In the wake of Dobbs, pro-abortionists will leave no stone unturned to use – as they did before Roe – the most extreme cases, (like the 10-year-old Ohio girl who went to Indiana for an abortion) to tar the latest Supreme Court decision as “extremist,” while attempting to codify truly extremist abortion policy into law.
Today, as was true before Roe (1973), the vast majority of abortions – conservatively, at least 96 percent – are performed for social, economic, and other non-medical reasons.
Back then, that motivation was called “convenience,” a term clearly politically incorrect in contemporary discourse. Calling abortion “reproductive health care” now is how abortion advocates seek to disguise the reality: by redefining “health” in ever more elastic and innovative ways.
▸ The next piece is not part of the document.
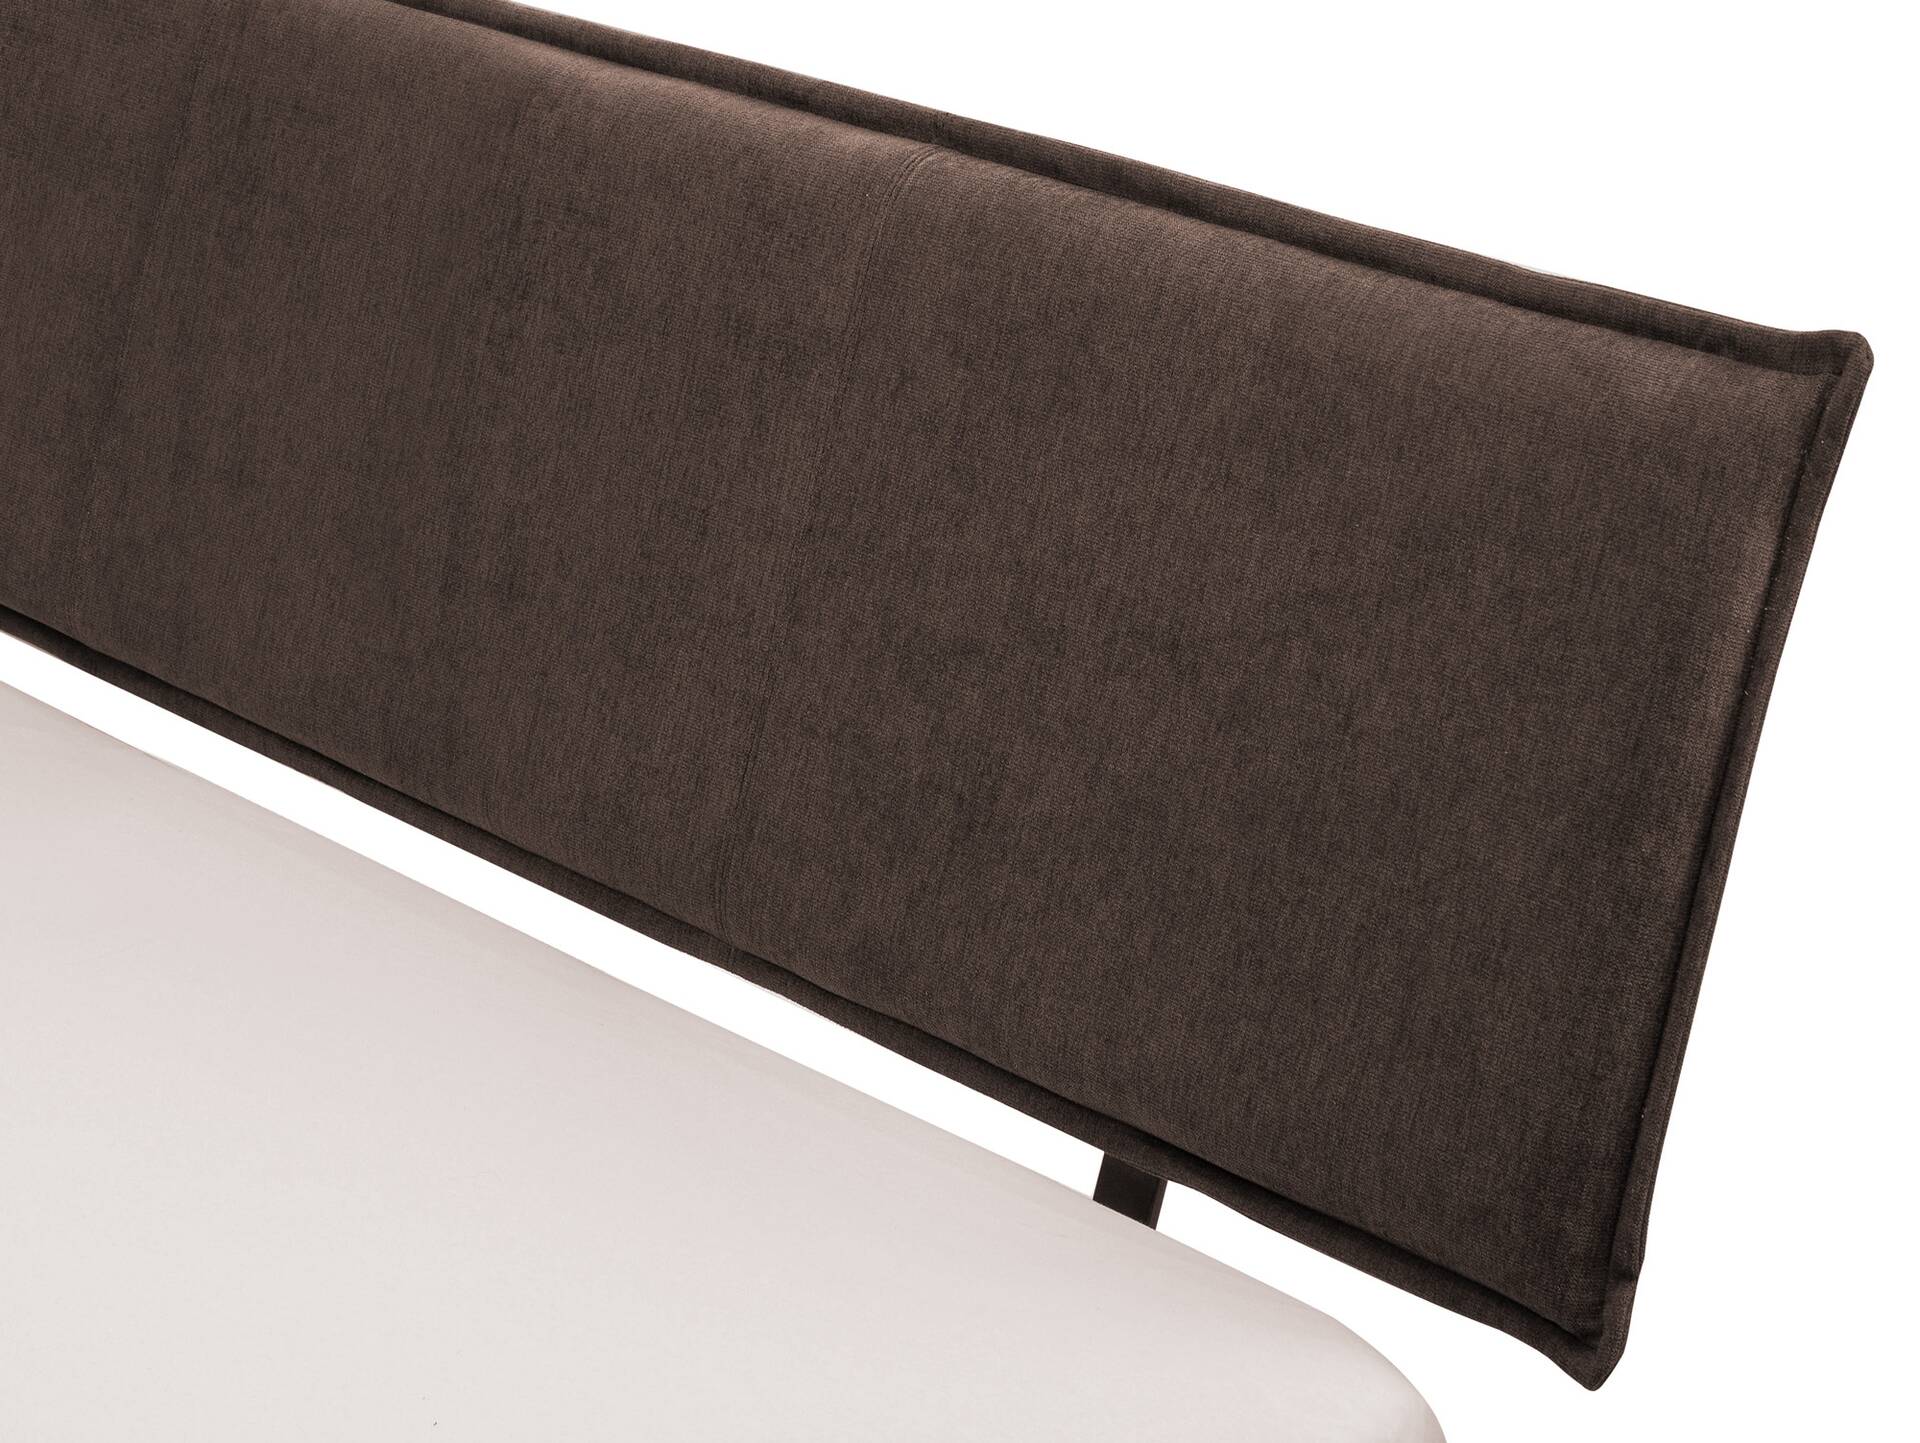 CORDINO 4-Fuß-Bett aus Eiche mit Polster-Kopfteil, Material Massivholz 90 x 200 cm | Eiche lackiert | Stoff Braun | gebürstet

We need to be clear about pro-abortion extremism. While pro-abortionists will cite hard cases, their goal is not to debate them but to exclude any consideration of motivation from the abortion decision, a move necessary to shield the 96 percent-plus of abortions chosen that have nothing to do with rape, incest, or medical necessity.
Like the “no-fault divorce” movement, pro-abortionists aim to exclude any consideration of cause or reason for the “choice.” These are moral positions disguised under seemingly neutral legal terminology. What they really mean is that no marriage should ever be immune from dissolution, no pregnancy from termination.
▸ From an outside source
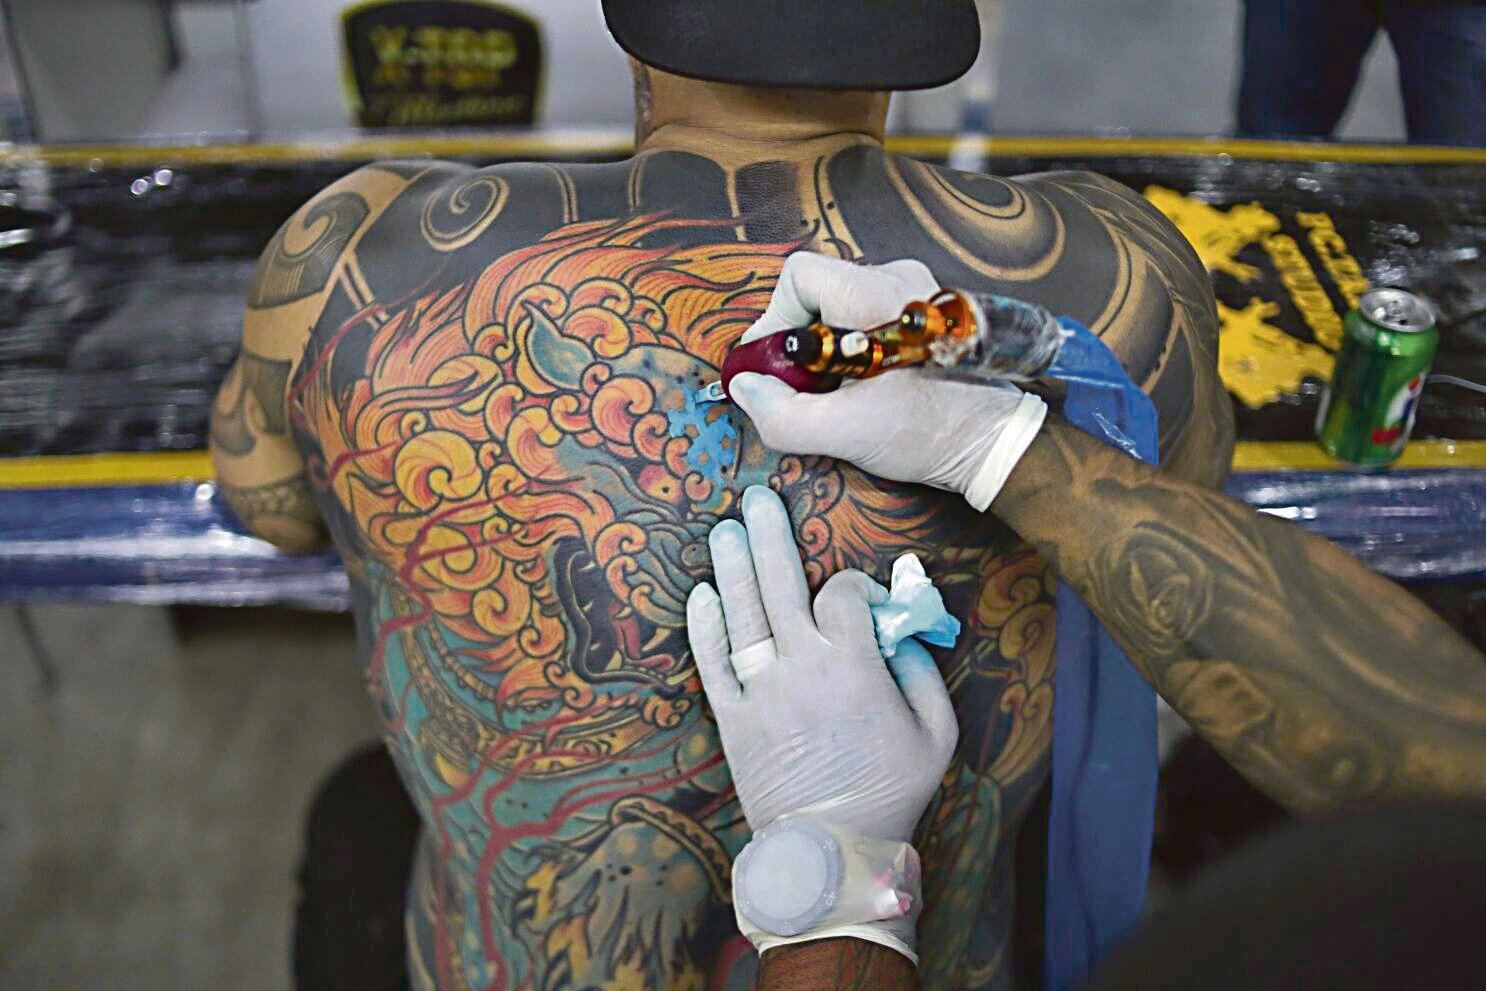 Borrar tatuajes, cada vez más simple gracias a la tecnología

This is wholly in keeping with a morally relativistic viewpoint that refuses to examine causes, but wants only to deal with consequences. Pre-teens should not be stopped from having sex; they should be issued condoms. If they get pregnant, they obviously should have abortions.
And if parents get in the way, well, America’s public schools should assimilate these “children” to the mores of “liberal democracy,” not their parents’ “outdated” views. After all, “children have rights!”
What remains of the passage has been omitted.